[Task]:
Every line of the listing is returned unchanged, and every picture is dropped.

== Data extract ==

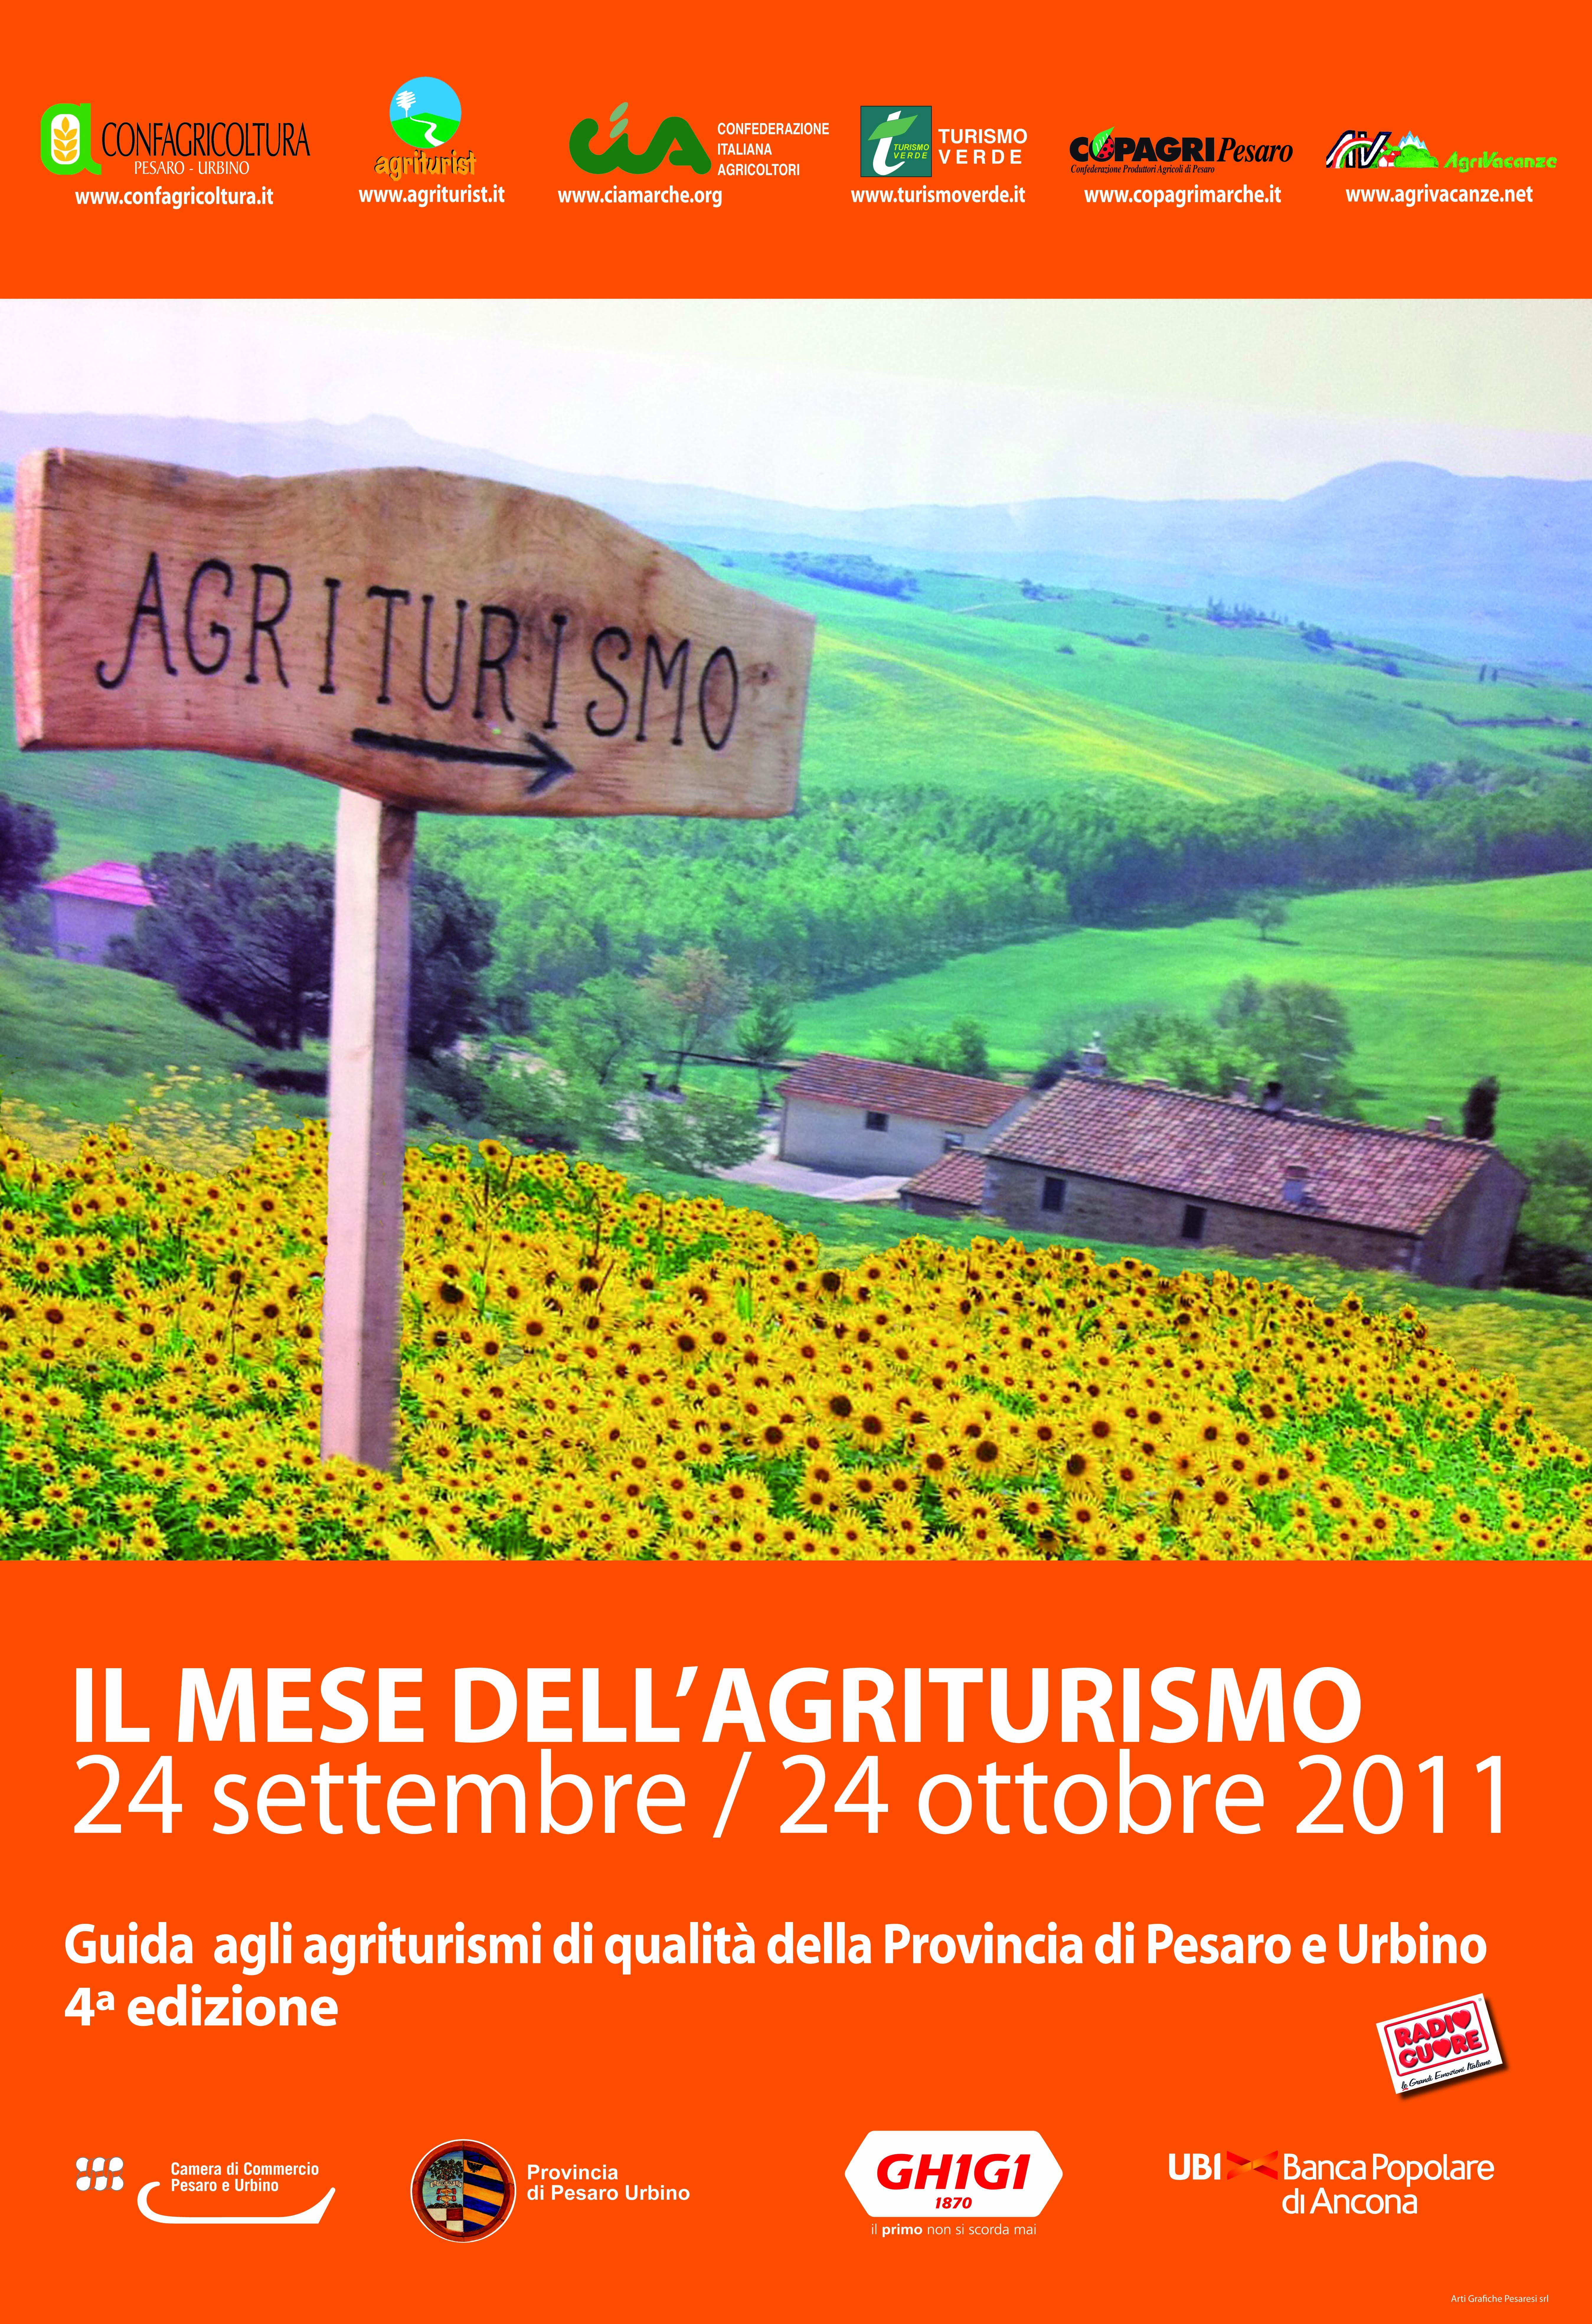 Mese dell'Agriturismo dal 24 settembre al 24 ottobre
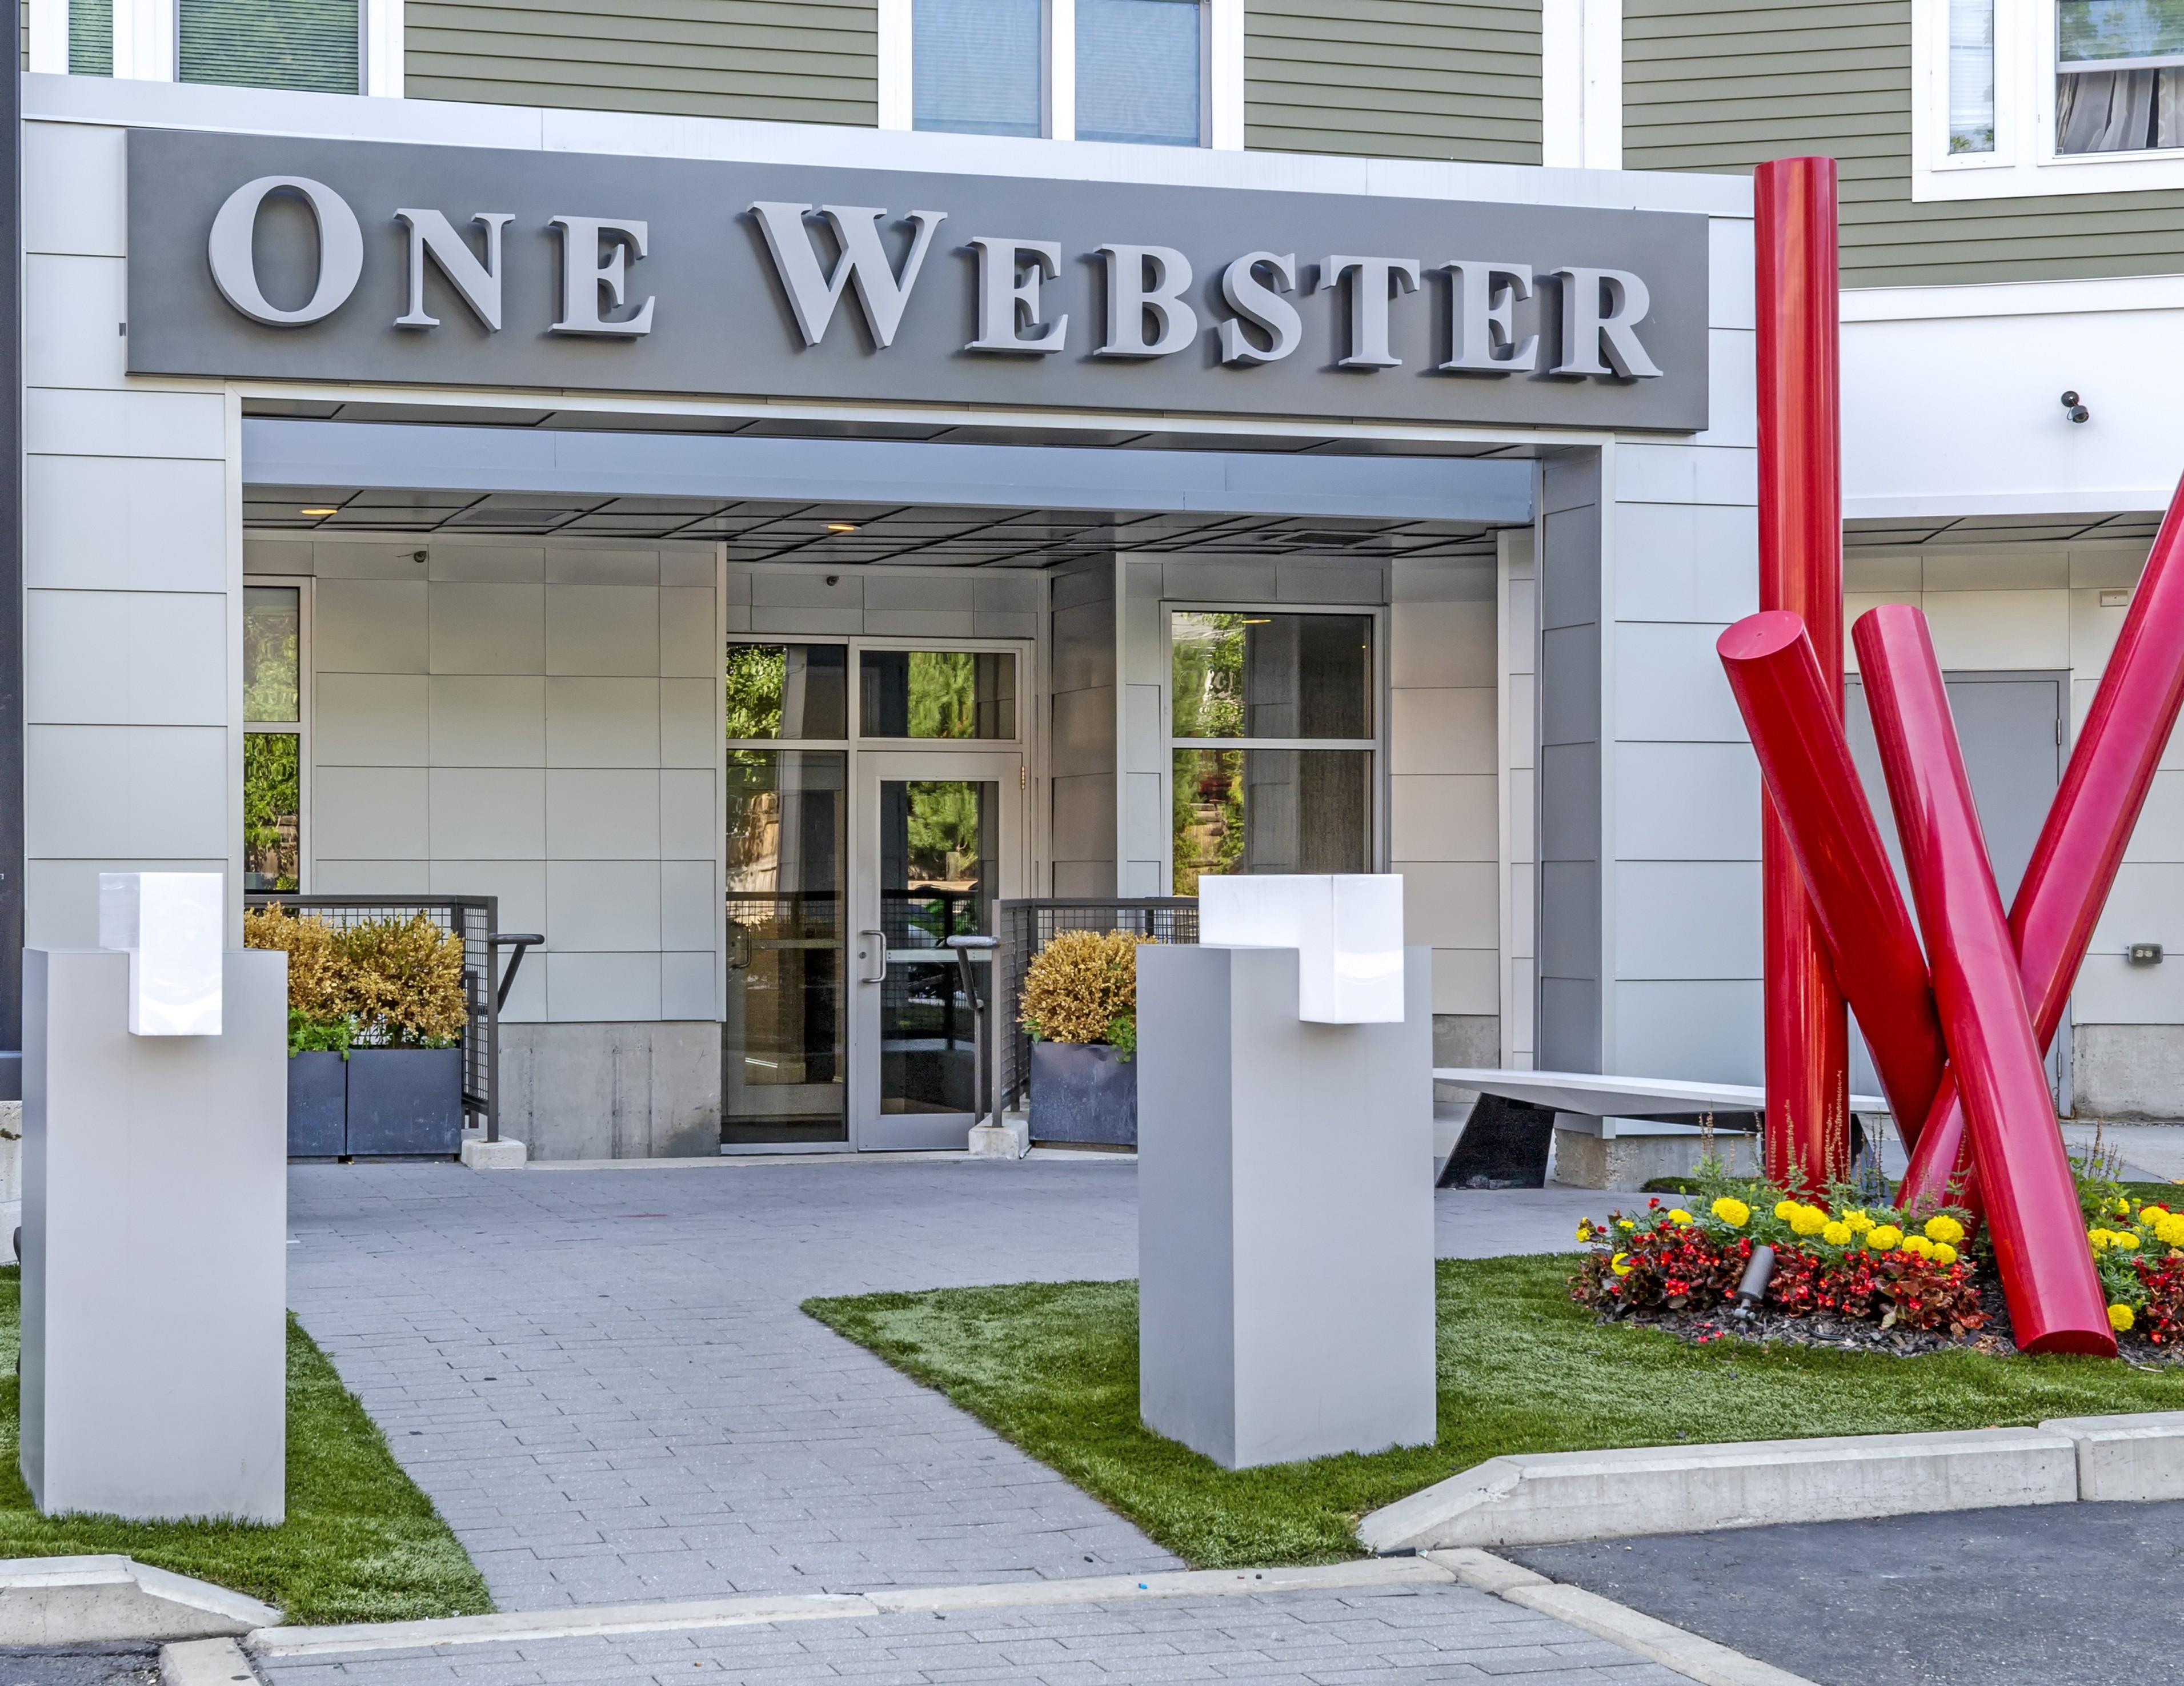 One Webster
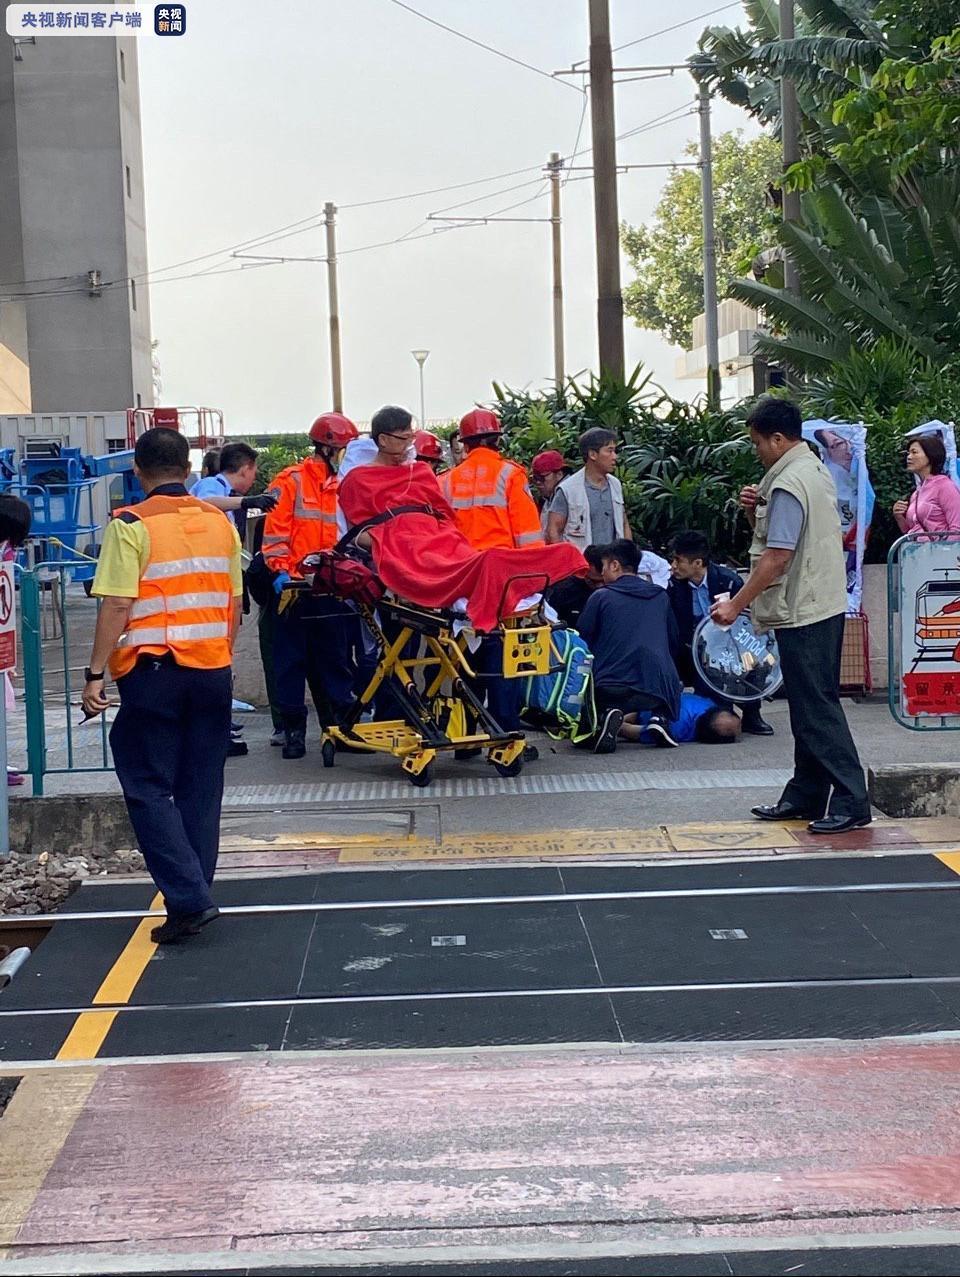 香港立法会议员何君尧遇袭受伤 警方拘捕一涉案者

===

[Written response]:
 Mese dell'Agriturismo dal 24 settembre al 24 ottobre
 One Webster
 香港立法会议员何君尧遇袭受伤 警方拘捕一涉案者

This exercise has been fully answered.